Blame game, empty threats over holiday tuition

‘Tuition available for Forms One to Four’ is boldly written in red on a piece of white cloth, and displayed on the second floor of an unfinished building in Rongai town.

The sign hangs over jutting wires and bits of timber. Across the road, another sign reads: ‘Tuition for Mathematics, Physics and Chemistry, starting August 10th.’

Such notices are all over residential estates, plastered on walls, electricity poles and on any public notice board available.

Online, social media-savvy teachers are hungrily marketing their skills.

Some even go as far as advertising their services on OLX, claiming they can teach French and German to help the students gain an upper hand and to ensure that they spend their holiday well.

Most students in Kenya have holiday tuition either by choice (they ask for it) or by force (parents order them or the school decides they must stay on for two weeks while other schools close).

The debate over the necessity of remedial tuition picks up momentum every school holiday as some schools continue the practice in blatant disregard of the Government ban. 

Director for Quality Assurance and Standards at the Ministry of Education, Mohammed Mwinyipembe, recently warned heads of schools and their deputies, “Teachers know that the Basic Education Act outlaws holiday tuition. Anyone holding students during the holidays is breaking the law.”

But these may just be empty threats considering how many schools continue to teach during the holidays. Exam candidates are usually the most affected.

There are three groups in the tuition debate — teachers, parents and students. The teachers have been accused by parents of deliberately failing to cover the required work within the regular school hours so that they can call for tuition.

Time to rest

Their aim, it has been said, is to earn some money on the side.

Parents, on the other hand, have been accused of being too results-driven to give their children time to rest and rejuvenate.

Some have even been accused of sending their children for tuition to avoid the hassles of parenting when the children are home on holiday.

The boy or girl at the centre of the debate, however, has the most to lose or gain from tuition.

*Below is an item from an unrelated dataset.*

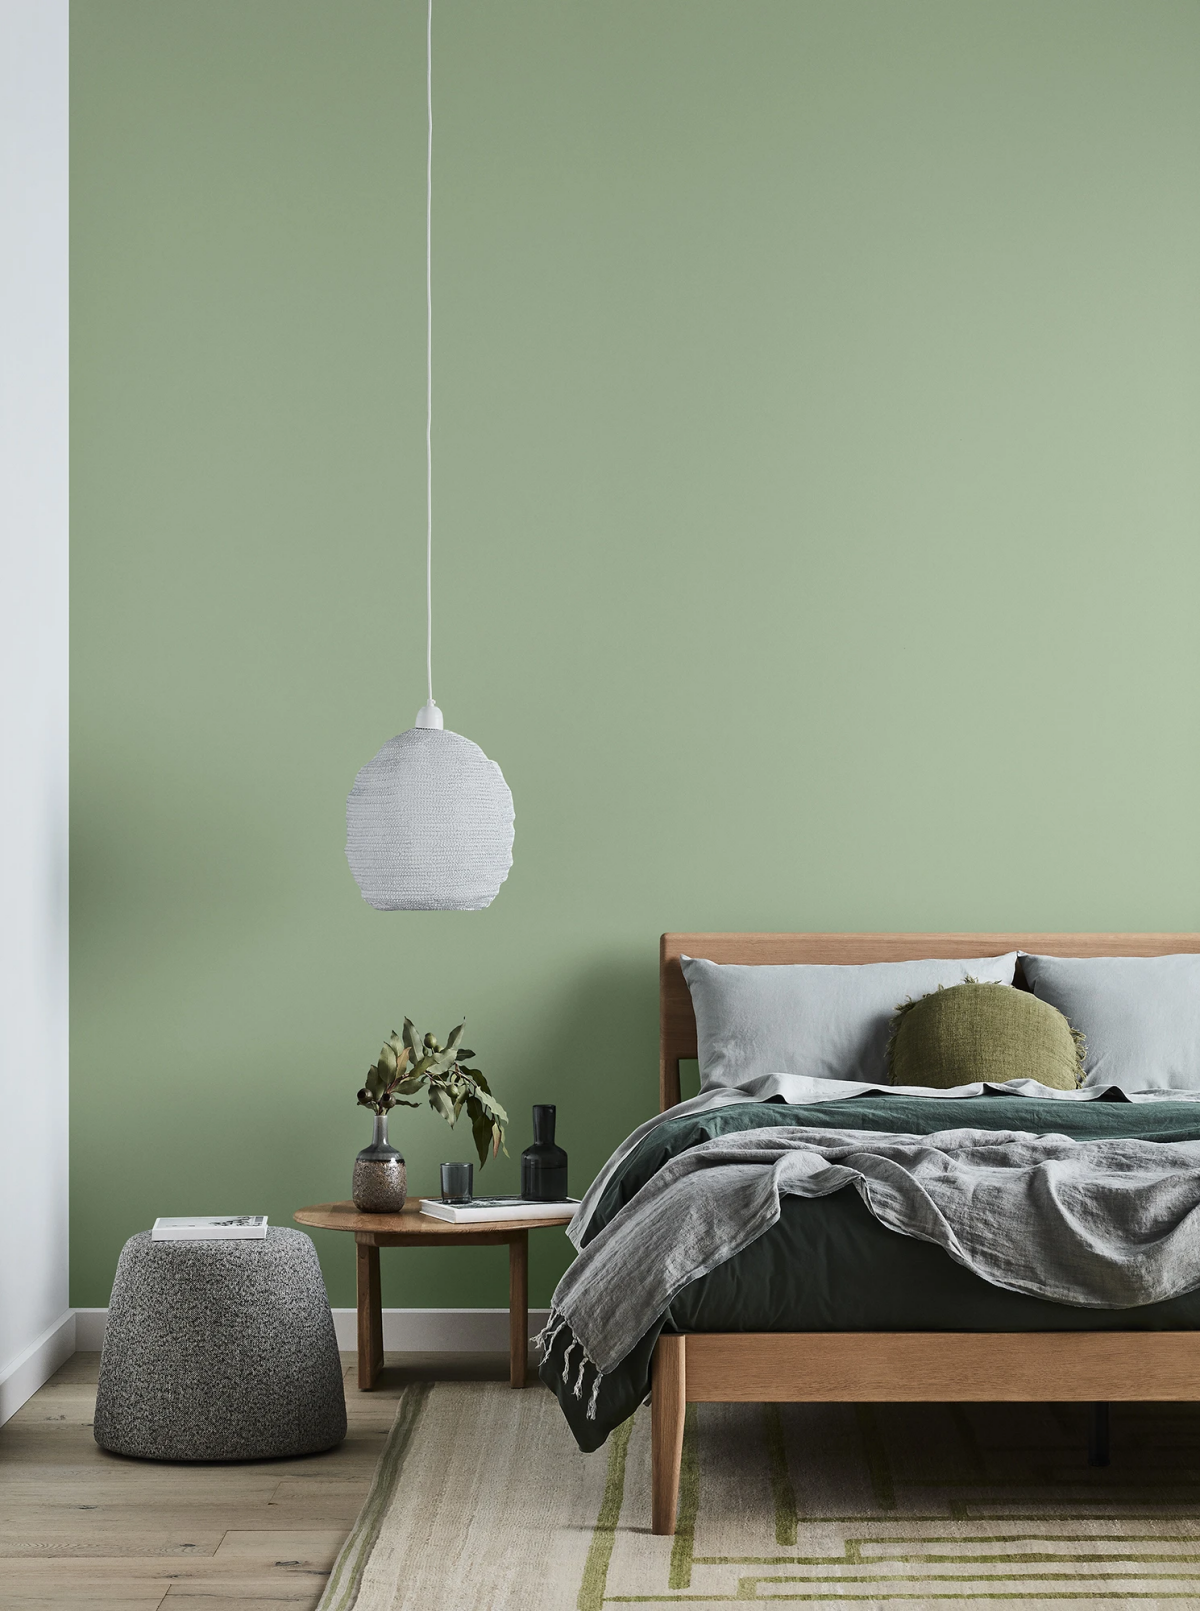 palesage greens bedroom lowres.jpg

“The desire to see one’s child do well in exams and be successful in life is one that all parents have. I want my son who is in Form Two to do well, but I can’t force him to sign up for remedial lessons when he is on holiday.

“If he wants it, I will pay the teacher but if he doesn’t, then all I can do is to encourage him to study more on his own,” says Alphonse Mainye.

Most parents would agree with him. A few, however, will force their children into tuition classes.

Perhaps it is time the education stakeholders interrogated some of the issues that necessitate holiday tuition.

Are the syllabuses too large to cover in the stipulated time or is it that the school hours are not enough?

Does tuition help or is it just a cash cow for teachers?

Is there a knowledge overload, considering that there are 8am-5pm class hours, two hours of prep-time every morning before 8am and three or four hours prep time after 7pm for three months?

If indeed, the syllabuses are too large, then it forces teachers to rush through them for the sake of ‘covering all areas’ at the expense of the students properly grasping the concepts.

This then necessitates tuition to allow the teachers and students revisit the parts rushed through or cover the parts that were not missed. The debate goes on.